LE JEU DES TESTS : UNE BRIQUE DE PLUS DANS LA DÉSINFORMATION COVID-19

Le jeu des tests: une brique de plus dans la désinformation COVID-19

Par Dr Pascal Sacré

Mondialisation.ca, 25 juin 2020

Thème: 

Analyses: 

Dans la maladie COVID-19, les tests tentent de répondre aux questions fondamentales suivantes :

Êtes-vous infecté? Êtes-vous contagieux? Avez-vous été infecté? Êtes-vous immunisé (protégé) contre le coronavirus SRAS-CoV-2, et pendant combien de temps?

Vous voulez la réponse vraie, ou bien la réponse donnée par la propagande, les versions officielles gouvernementales et les médias dominants ? 
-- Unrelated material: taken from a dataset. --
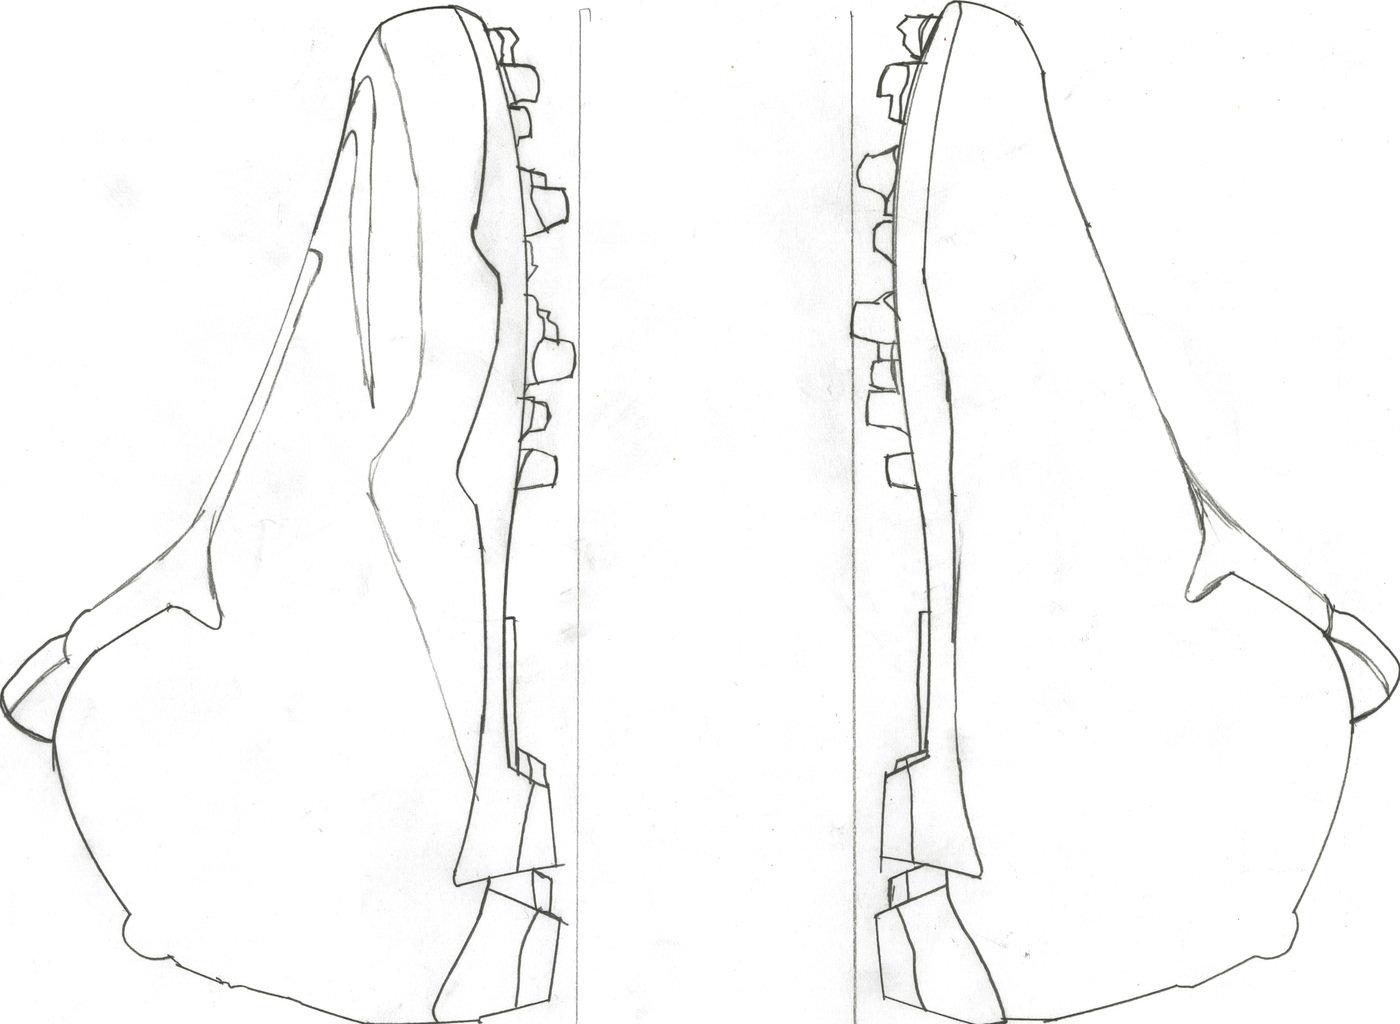 Senior Thesis Design Football Cleat by Michael Ryan Zaleta

Je vais vous donner la réponse vraie, médicale : les tests ne répondent à aucune de ces questions, ils ne sont pas fiables, donnent des réponses exagérément simplistes qui pourront être utilisées par les gouvernements pour faire croire aux gens ce qu’ils veulent qu’ils croient.
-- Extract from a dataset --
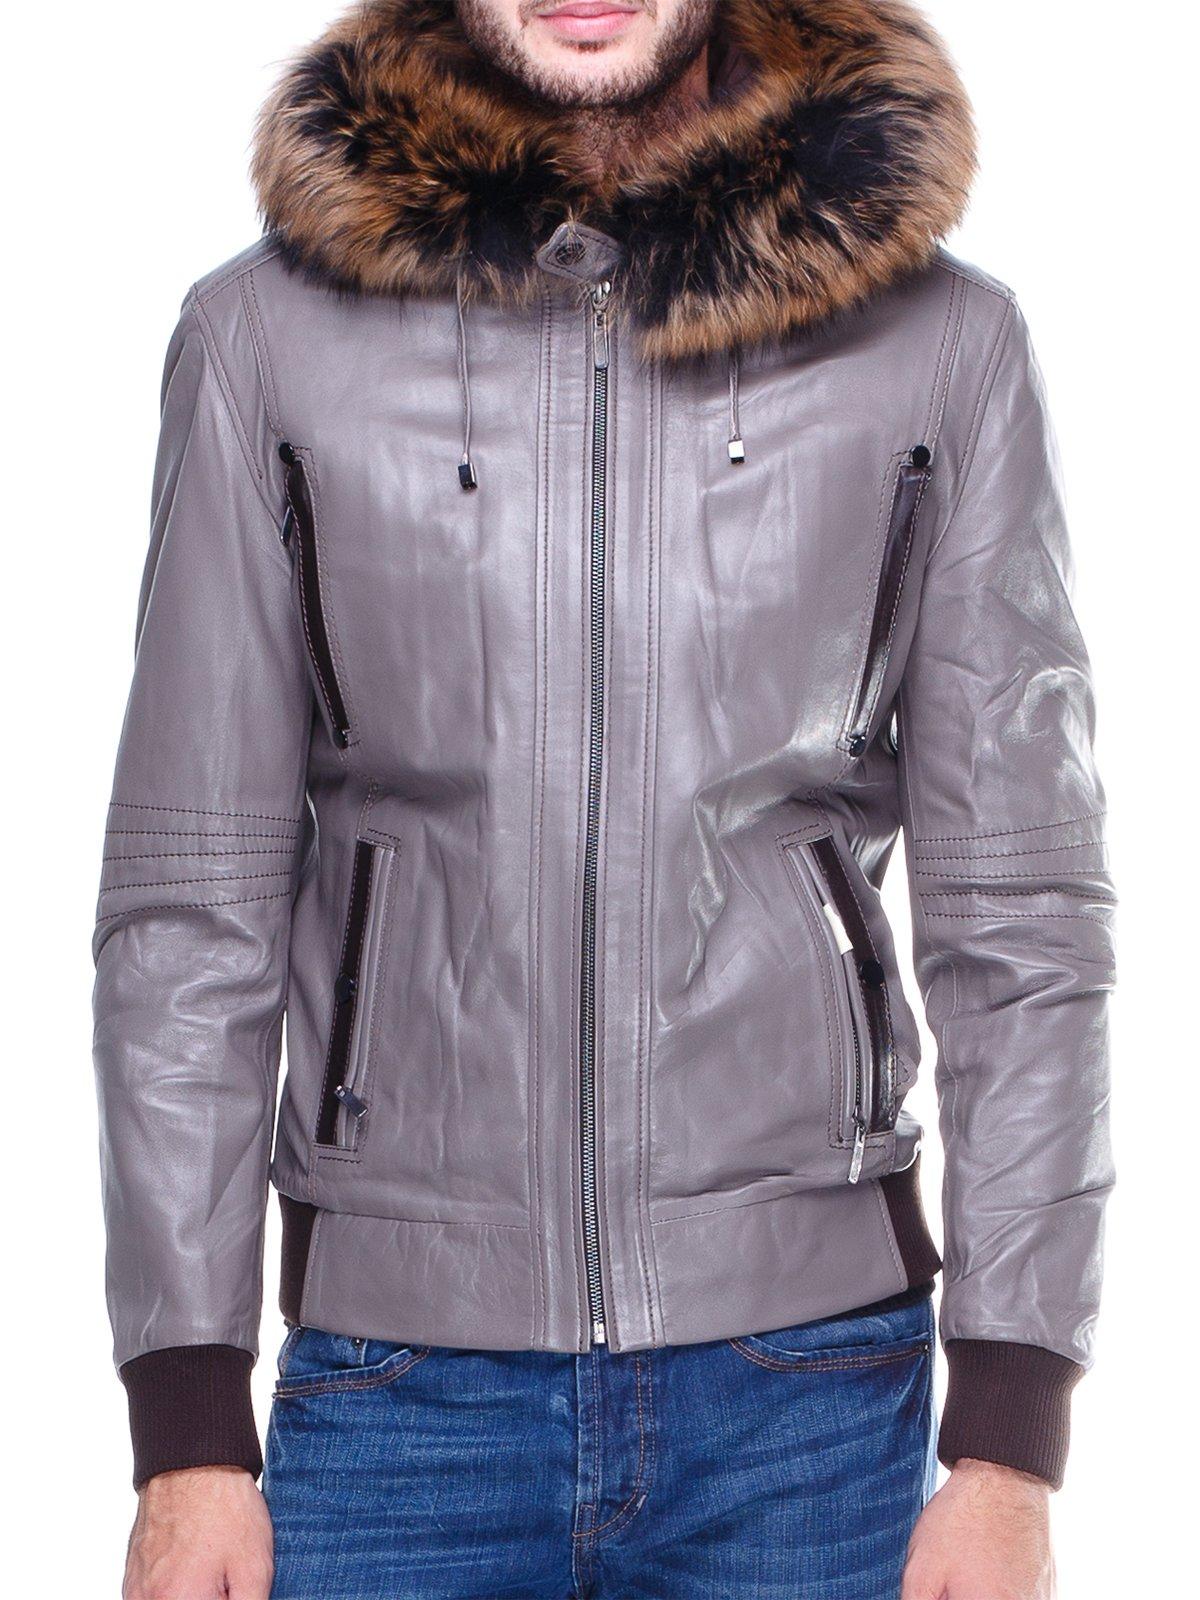 Куртка сіра з оздобленим хутром капюшоном   1830354   фото 3

Il y a deux grands types de tests :

  1. Les tests moléculaires : RT-PCR
  2. Les tests sérologiques : recherche d’anticorps dans le sang

RT-PCR [1]

Dans des cellules prélevées au fond du nez, le RT-PCR recherche des fragments d’ARN viral du SRAS-CoV-2, forme de l’ADN correspondant grâce à l’enzyme Reverse Transcriptase (RT) et amplifie (multiplie) les fragments ARN-ADN trouvés grâce à la technique de polymerase chain reaction (PCR). Par une technique compliquée, donc sujette à de nombreux faux pas, on nous dit que ce test pourrait quantifier la charge virale.

Ce test dont le résultat peut prendre 2 à 7 jours est censé prouver que vous êtes infecté (RT-PCR +) ou non (RT-PCR -) par le coronavirus SRAS-CoV-2 et que vous êtes contagieux ou non.

Ce n’est pas la vérité.

Pourtant, c’est ce qui a guidé toutes les décisions médicales de par le monde pour catégoriser les patients en COVID et NON-COVID, pour isoler les premiers et les confirmer comme COVID-19. 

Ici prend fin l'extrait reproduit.